**Given records:**
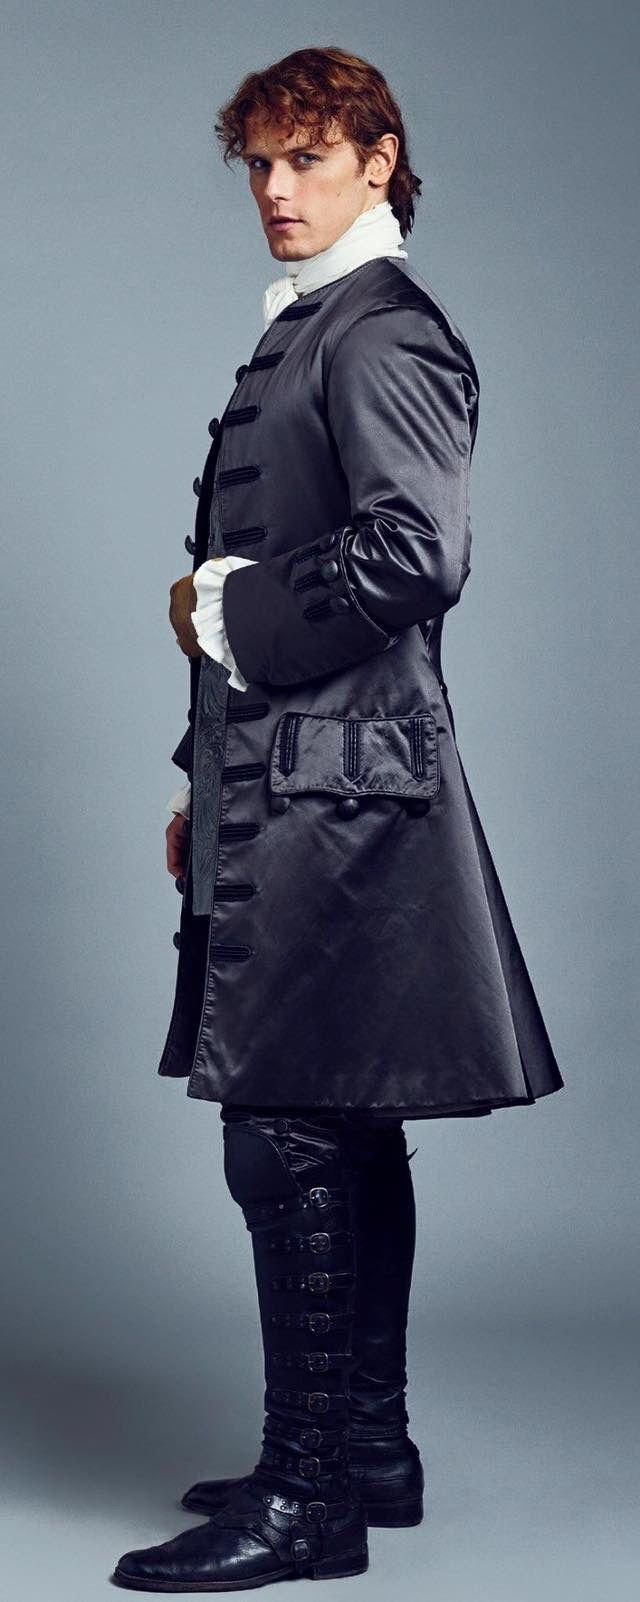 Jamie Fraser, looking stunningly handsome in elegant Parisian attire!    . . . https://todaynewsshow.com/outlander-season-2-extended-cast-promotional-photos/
==
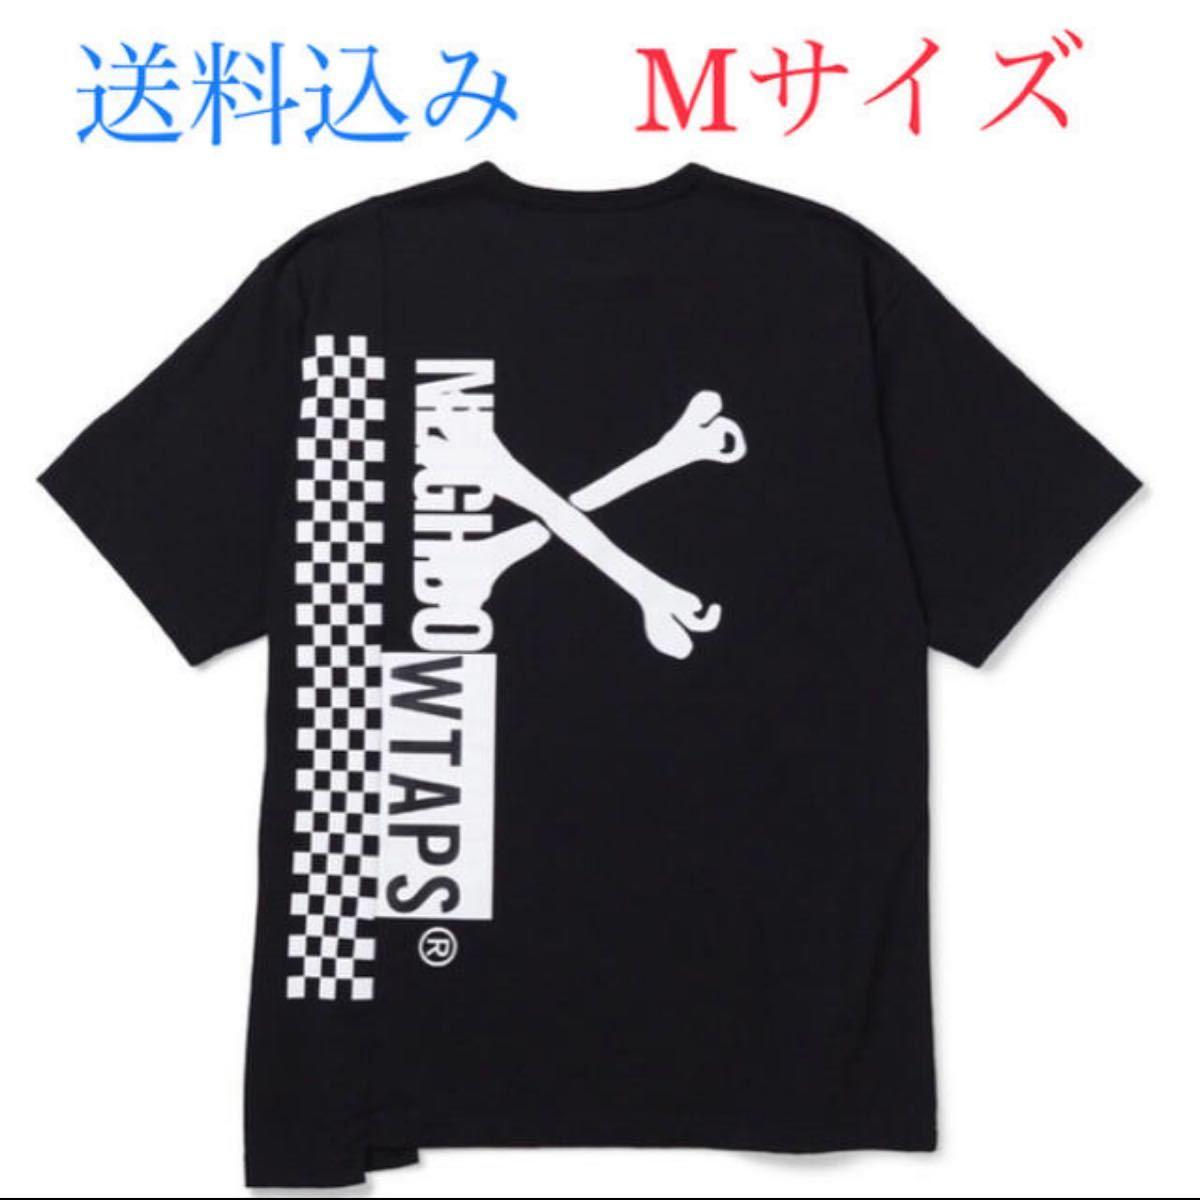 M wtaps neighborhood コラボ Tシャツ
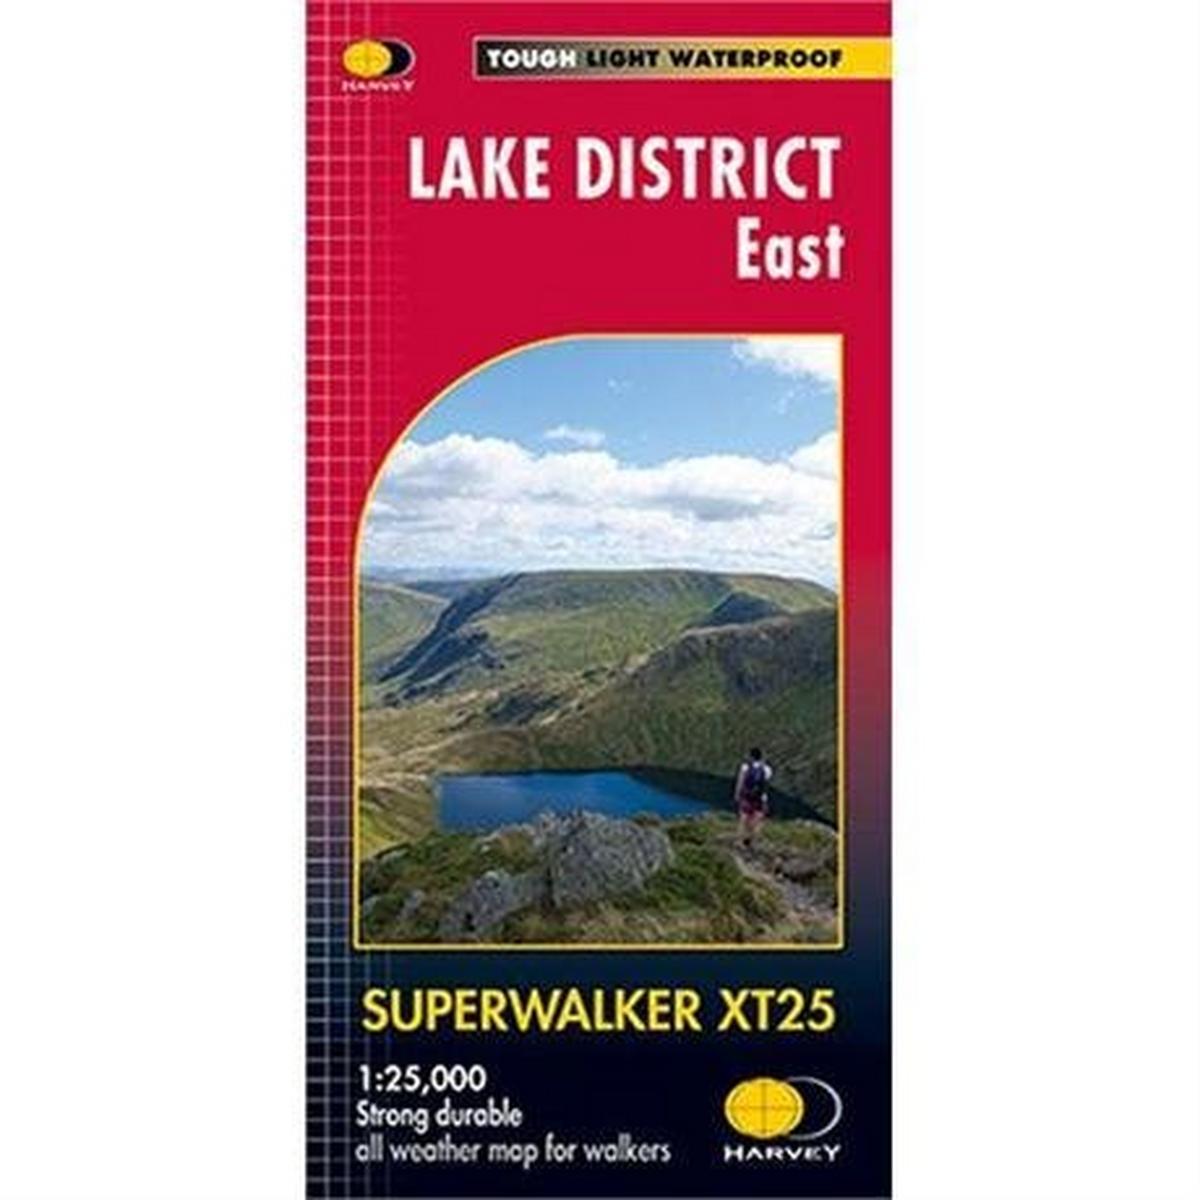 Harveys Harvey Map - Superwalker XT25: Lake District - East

**Task goal:**
From the line with "M wtaps neighborhood コラボ Tシャツ" up to and including the line with "Harveys Harvey Map" above, retype every line exactly and nothing more; leave out the pictures.

**Solution to the problem:**
 M wtaps neighborhood コラボ Tシャツ
 Harveys Harvey Map - Superwalker XT25: Lake District - East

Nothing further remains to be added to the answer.